Recorded data

- Opening Delimiter -

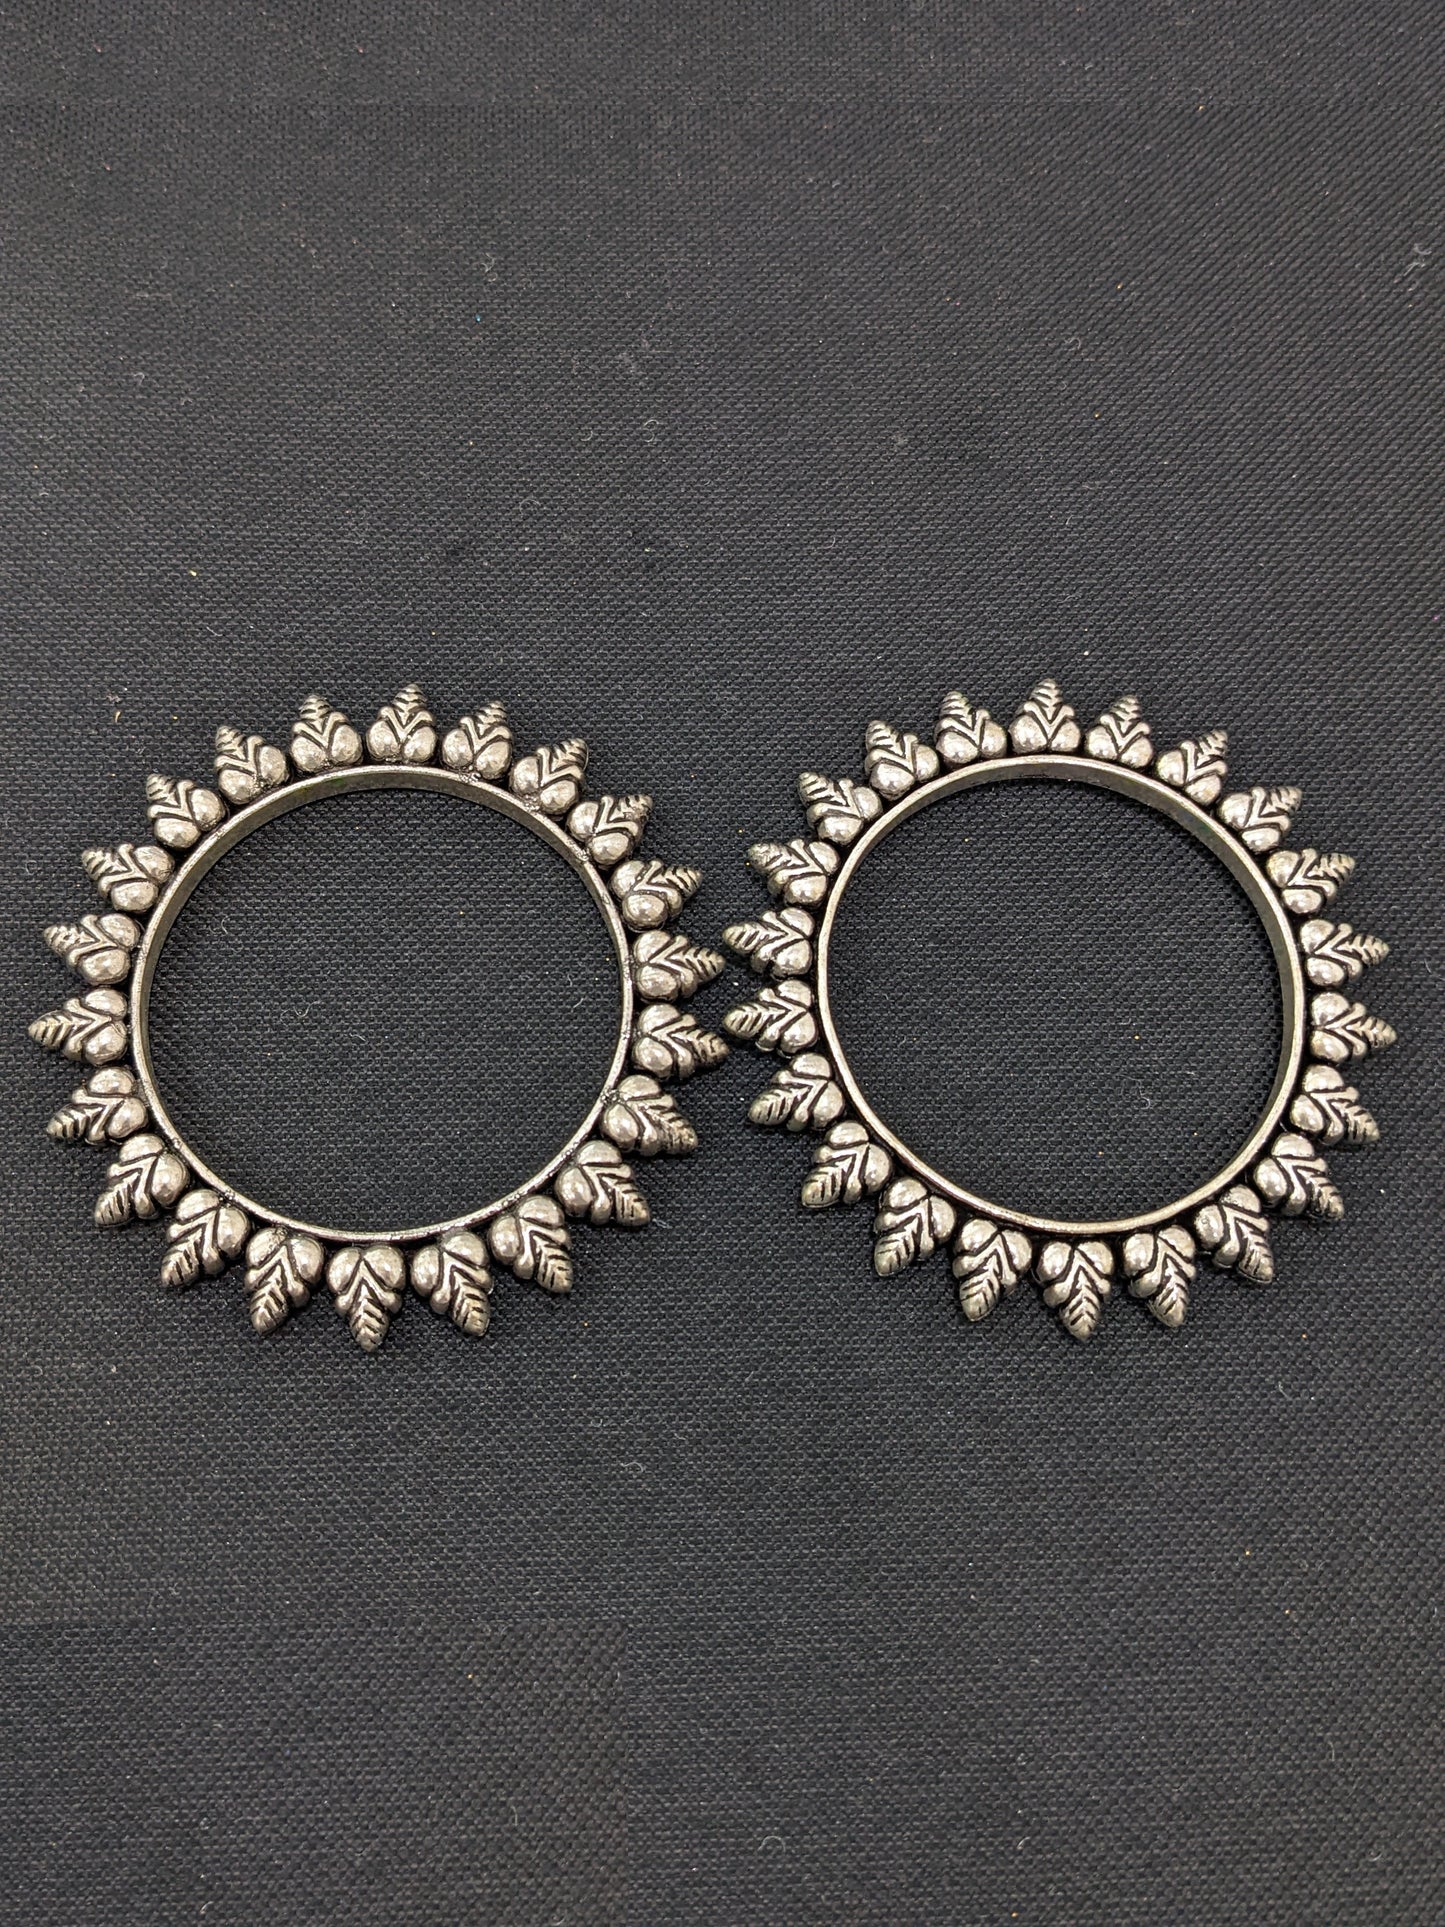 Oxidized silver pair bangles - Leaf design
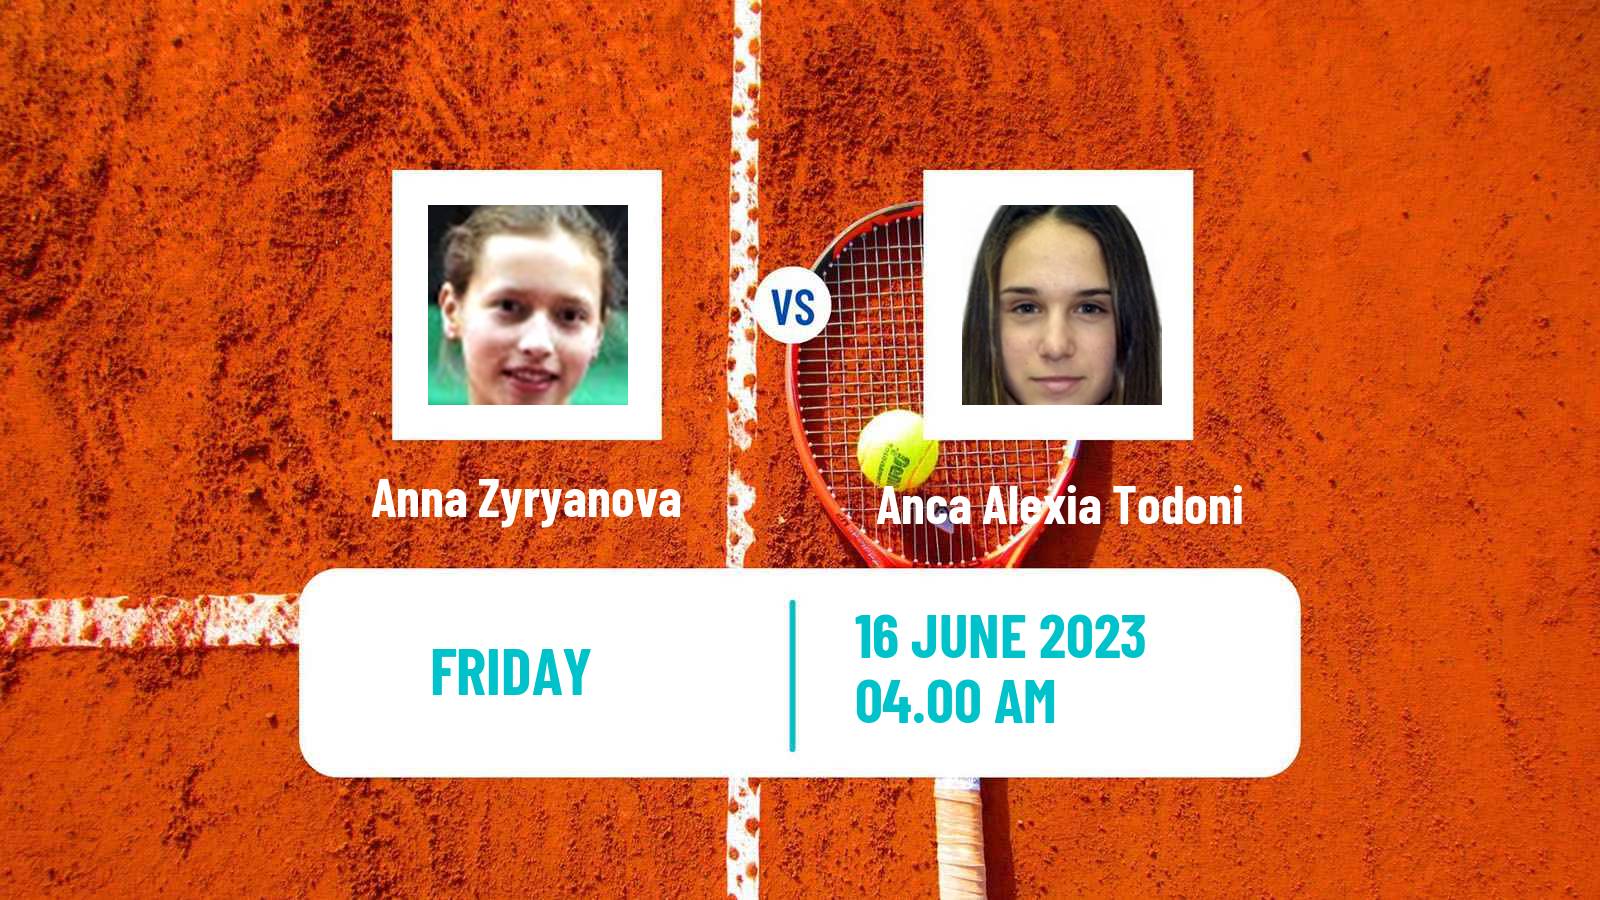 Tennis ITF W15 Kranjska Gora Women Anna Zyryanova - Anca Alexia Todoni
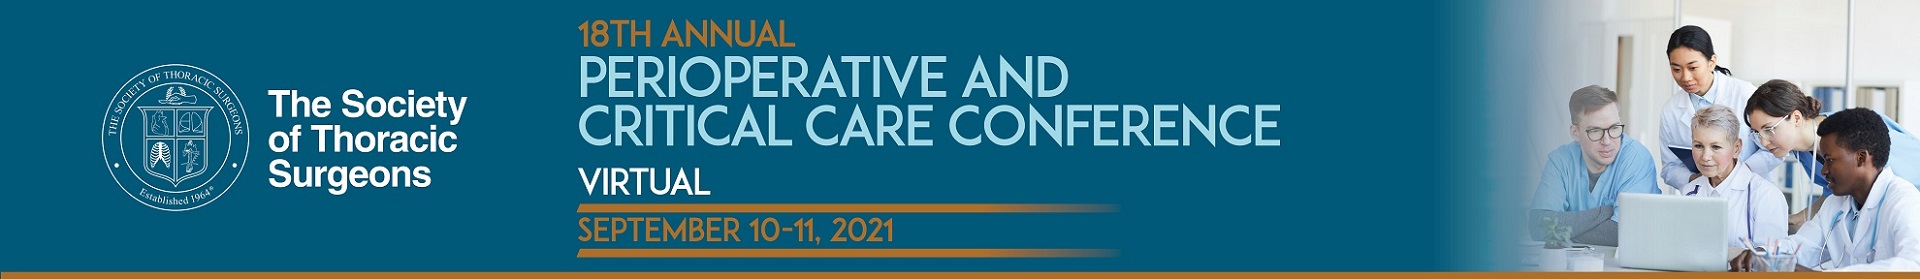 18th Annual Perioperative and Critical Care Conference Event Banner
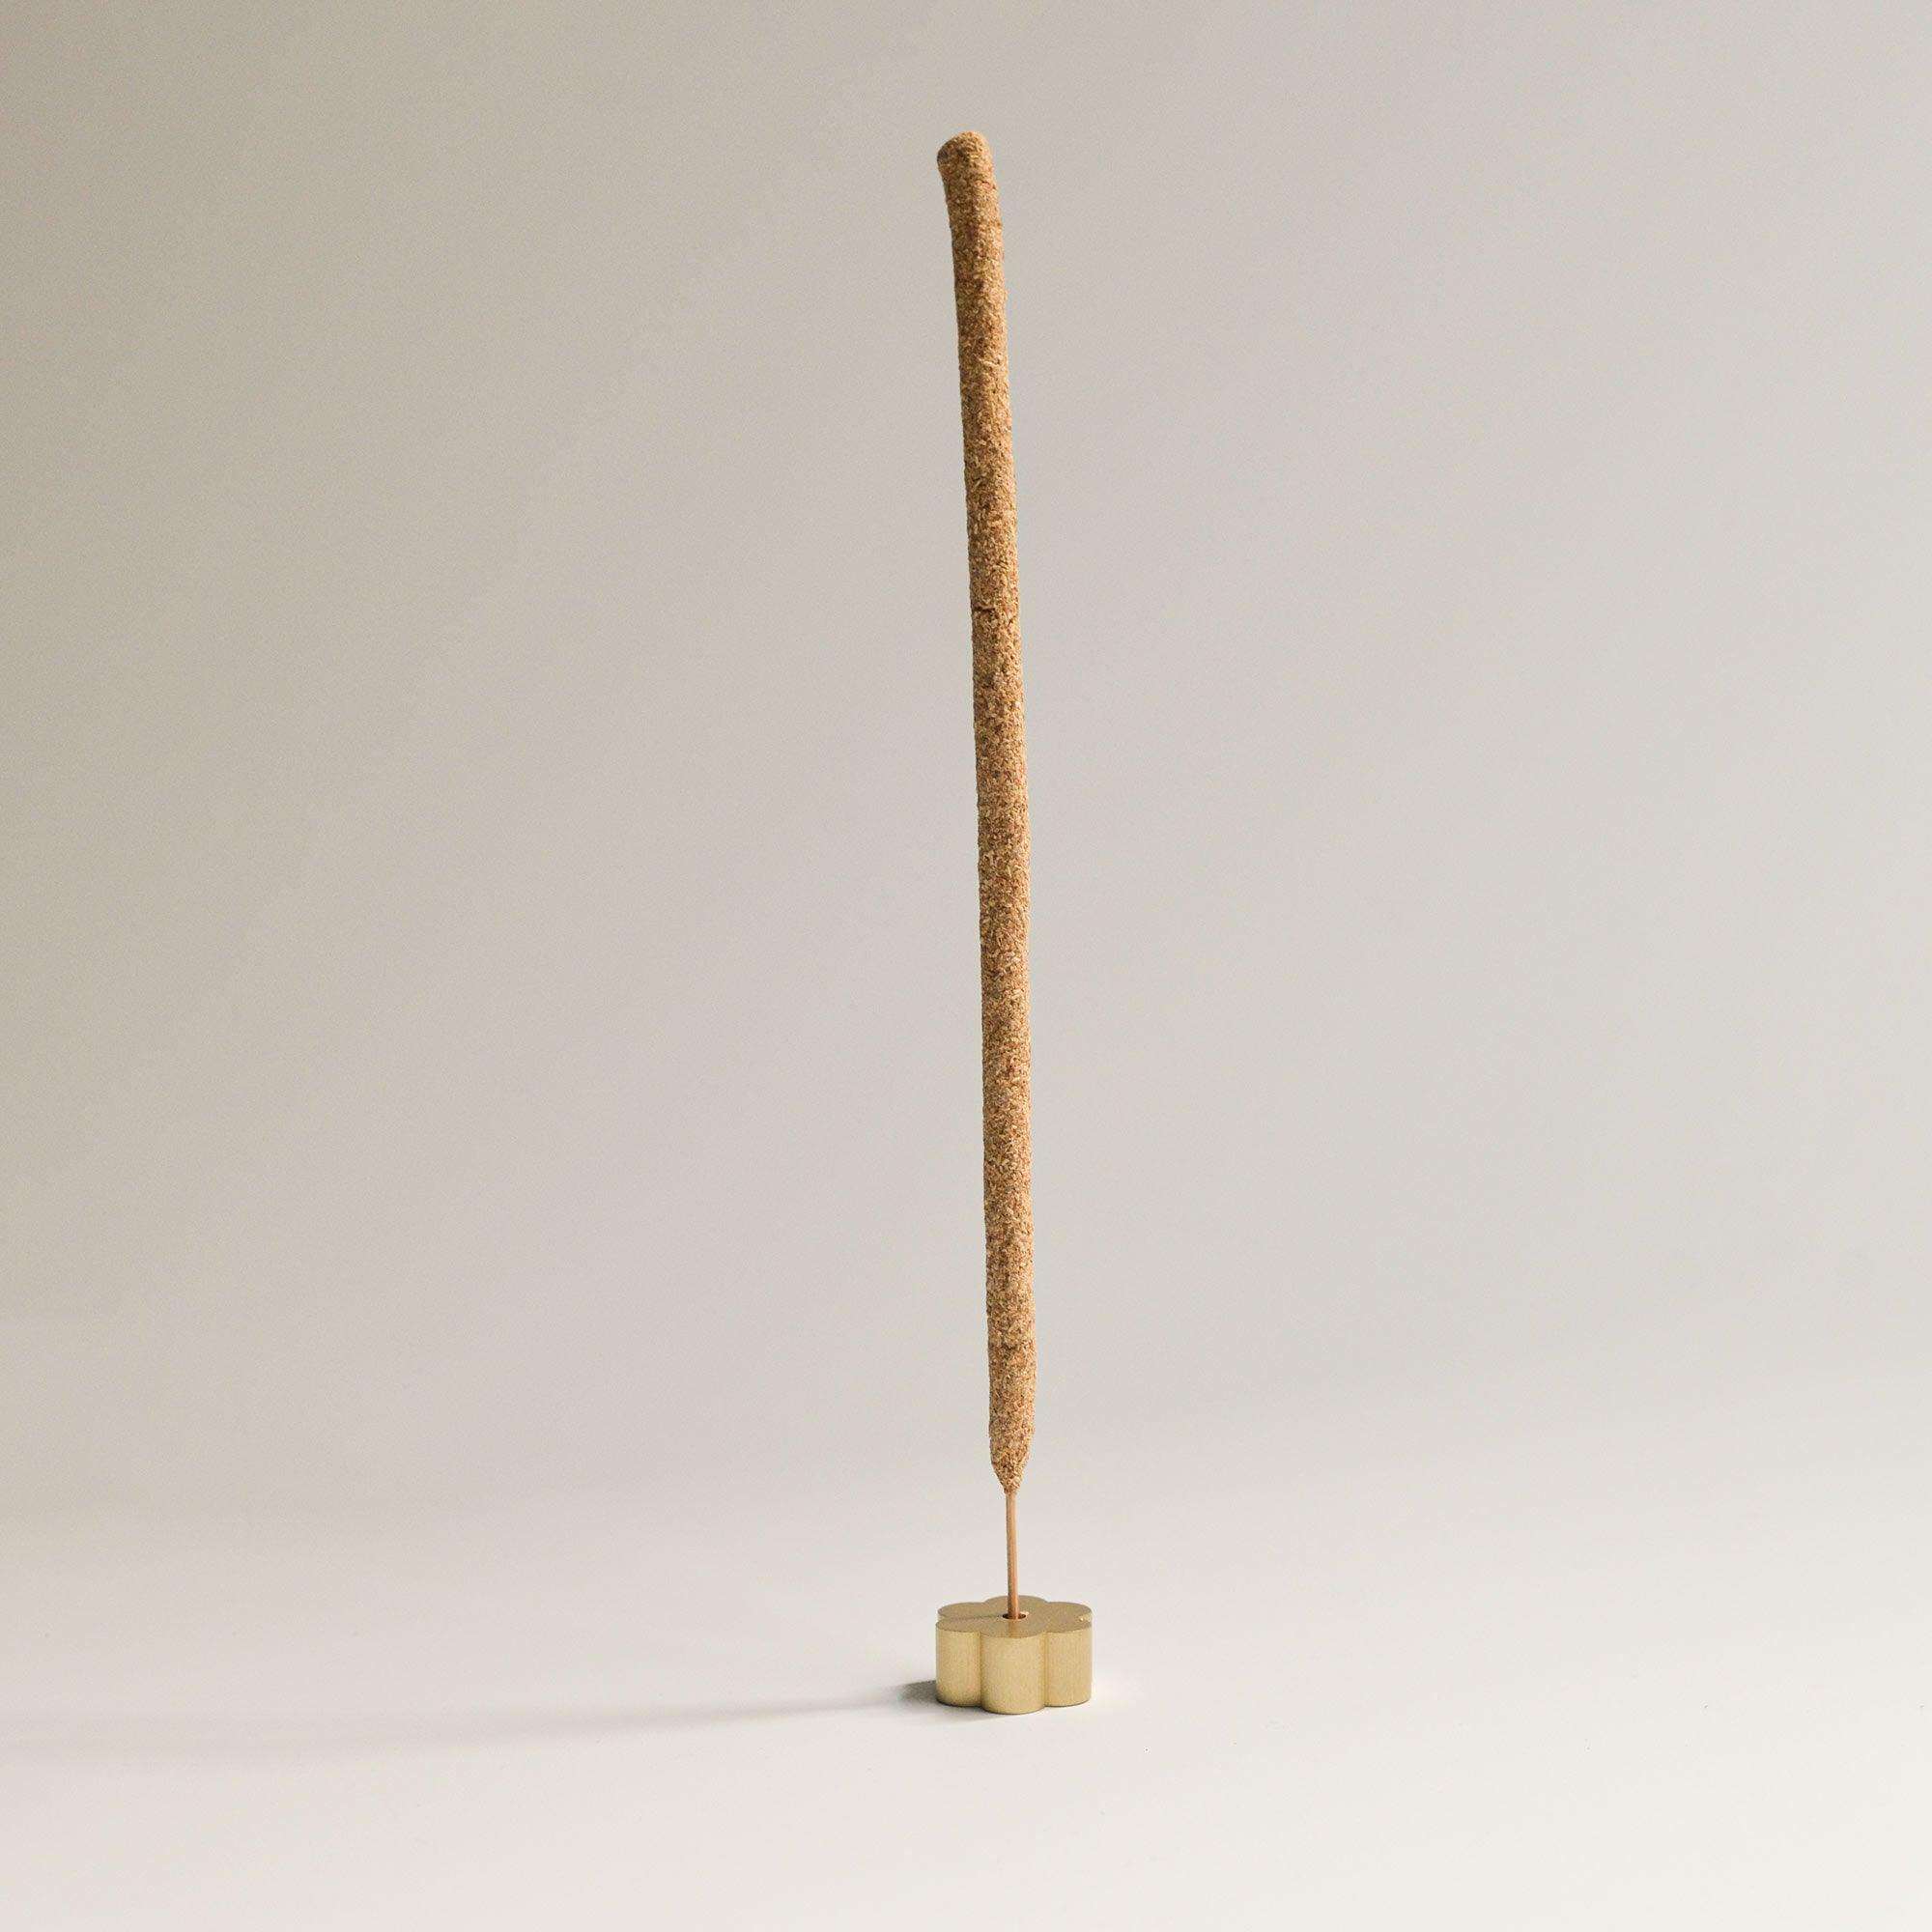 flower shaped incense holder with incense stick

- Closing Delimiter -

The problem
Please copy the data above character for character, skipping any pictures.

Task result
 Oxidized silver pair bangles - Leaf design
 Tennis ITF W15 Kranjska Gora Women Anna Zyryanova - Anca Alexia Todoni
 18th Annual Perioperative and Critical Care Conference Event Banner
 flower shaped incense holder with incense stick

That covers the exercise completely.